-- YOUR INSTRUCTIONS --
Give back the full listing as written. No pictures go with it.

-- DATA SECTION --
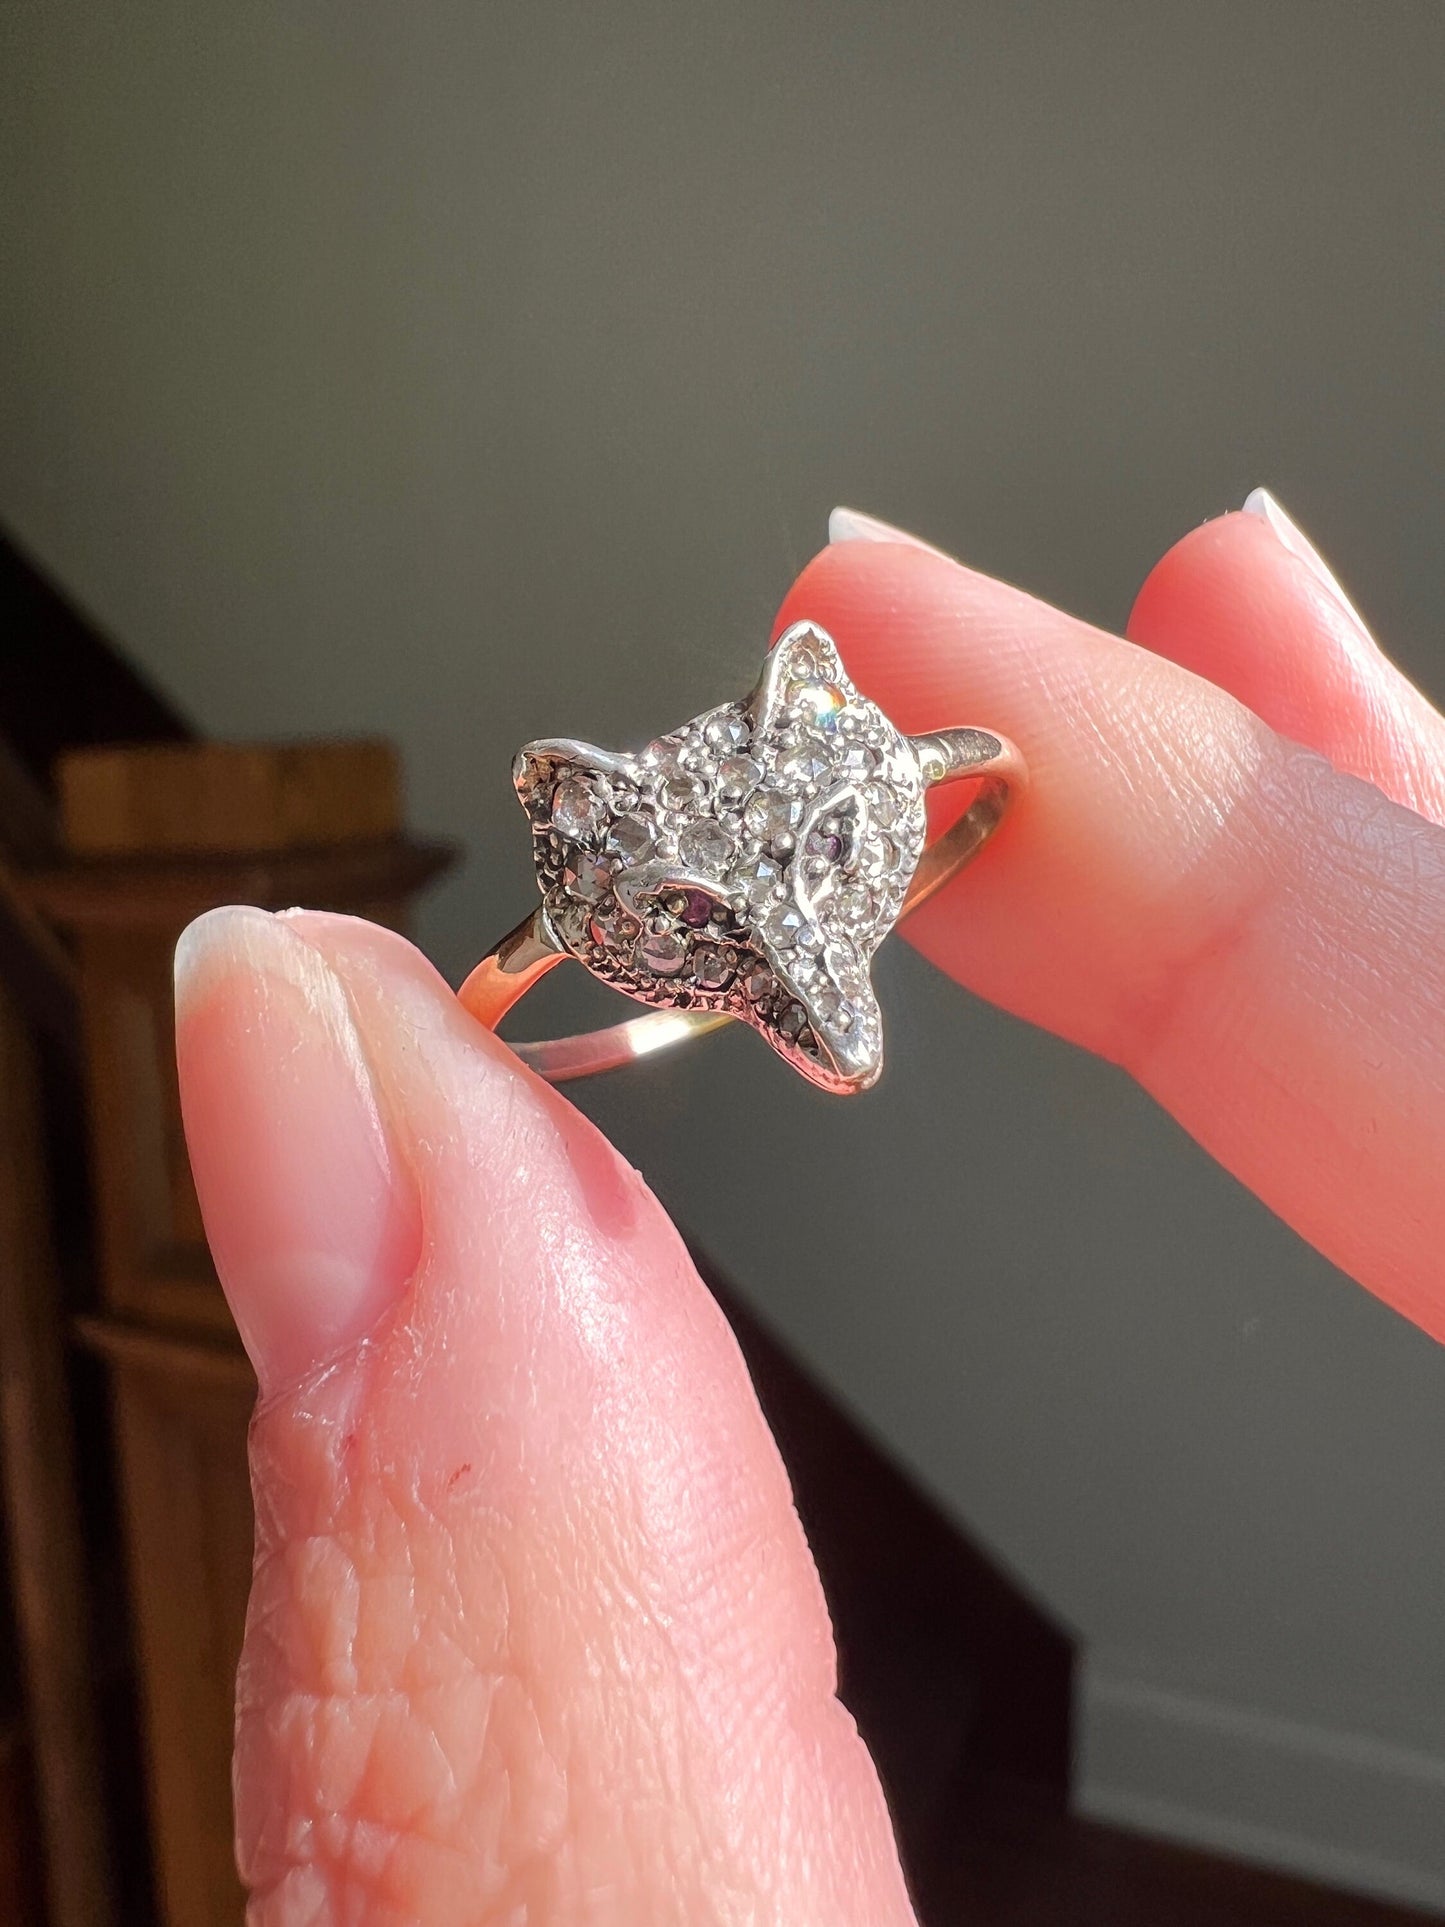 FOX Victorian ANTIQUE Rose Cut Diamonds RUBY Eyes All Original Figural Ring 15k Gold Silver Animal Jewelry Unique Gift Fun Stacker 1800s 14k
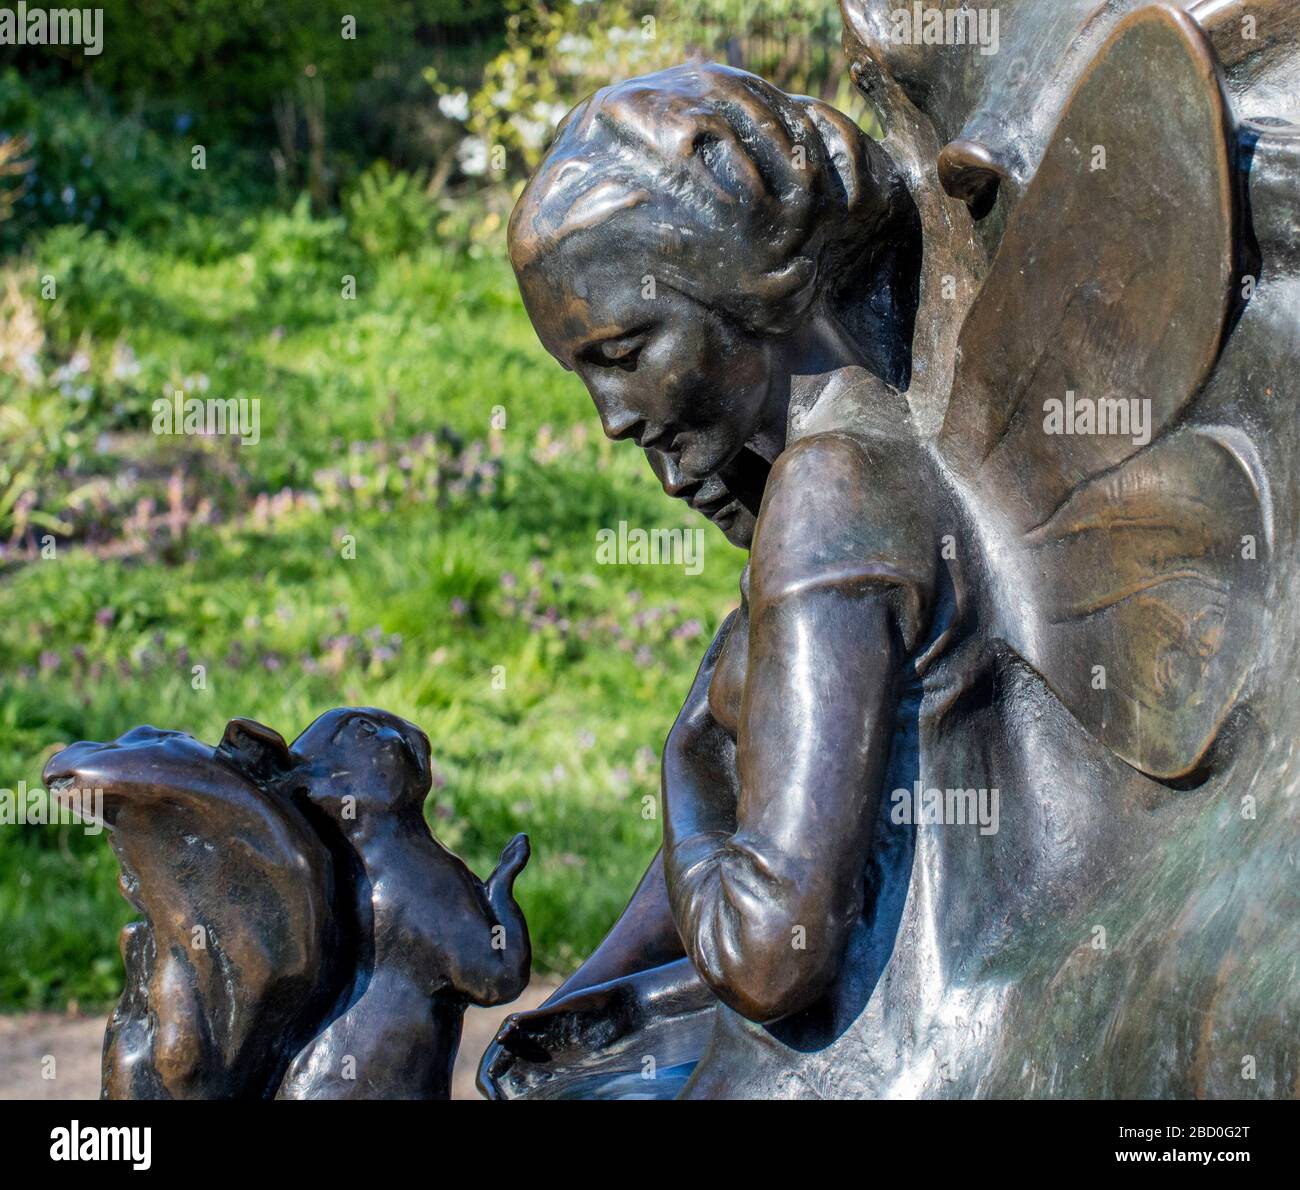 Peter Pan statue in Kensington Gardens, sculpted in bronze in 1912 by Sir George Frampton, showing detail of fairies who live in the Gardens. Stock Photo
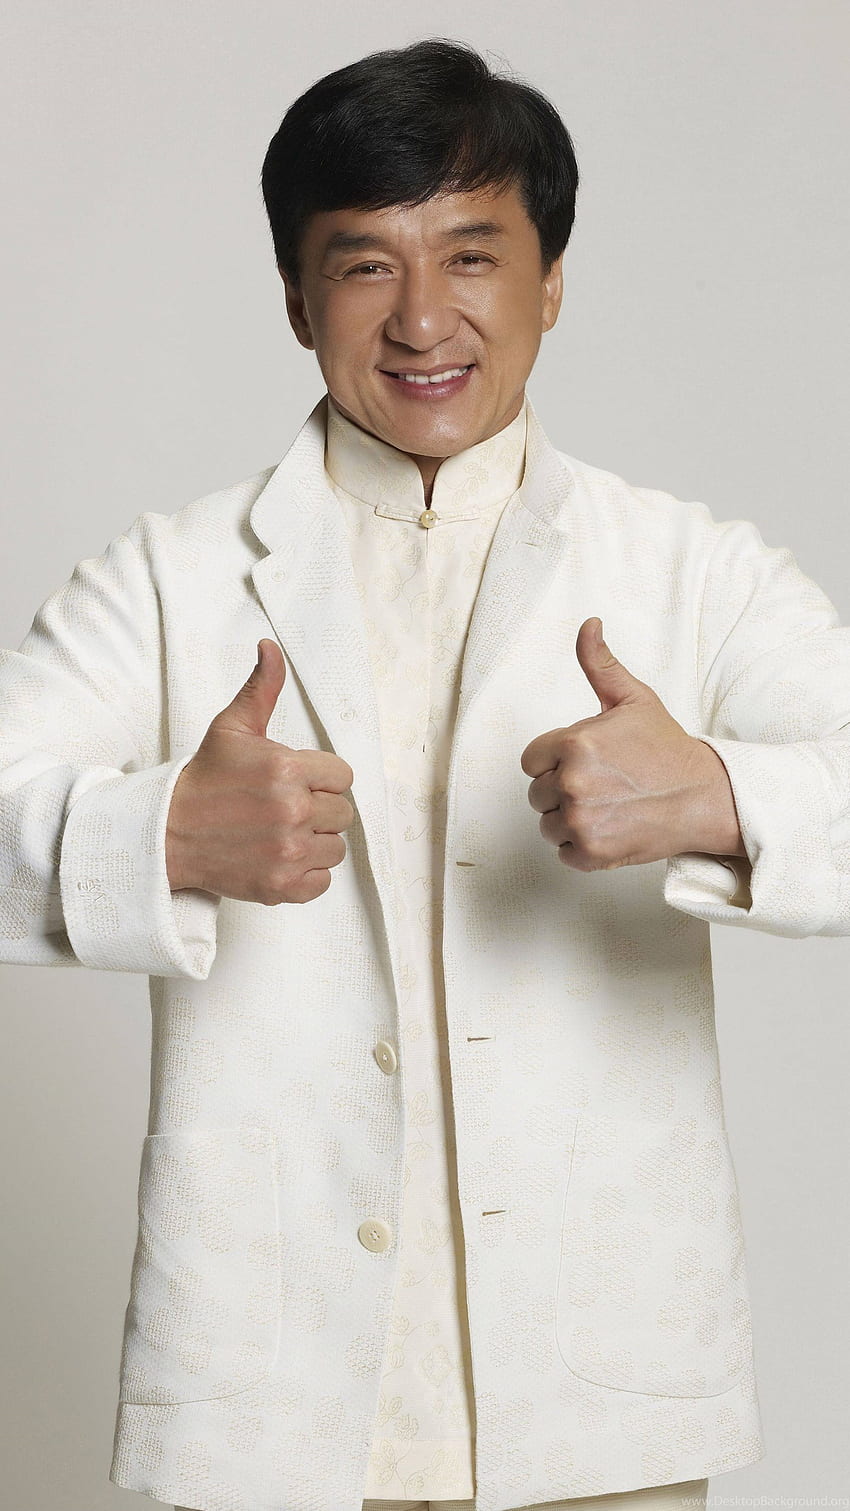 13152 Jackie Chan Photos and Premium High Res Pictures  Getty Images

-- EXPECTED ANSWER --
 FOX Victorian ANTIQUE Rose Cut Diamonds RUBY Eyes All Original Figural Ring 15k Gold Silver Animal Jewelry Unique Gift Fun Stacker 1800s 14k
 Peter Pan statue in Kensington Gardens, sculpted in bronze in 1912 by Sir George Frampton, showing detail of fairies who live in the Gardens. Stock Photo
 13152 Jackie Chan Photos and Premium High Res Pictures  Getty Images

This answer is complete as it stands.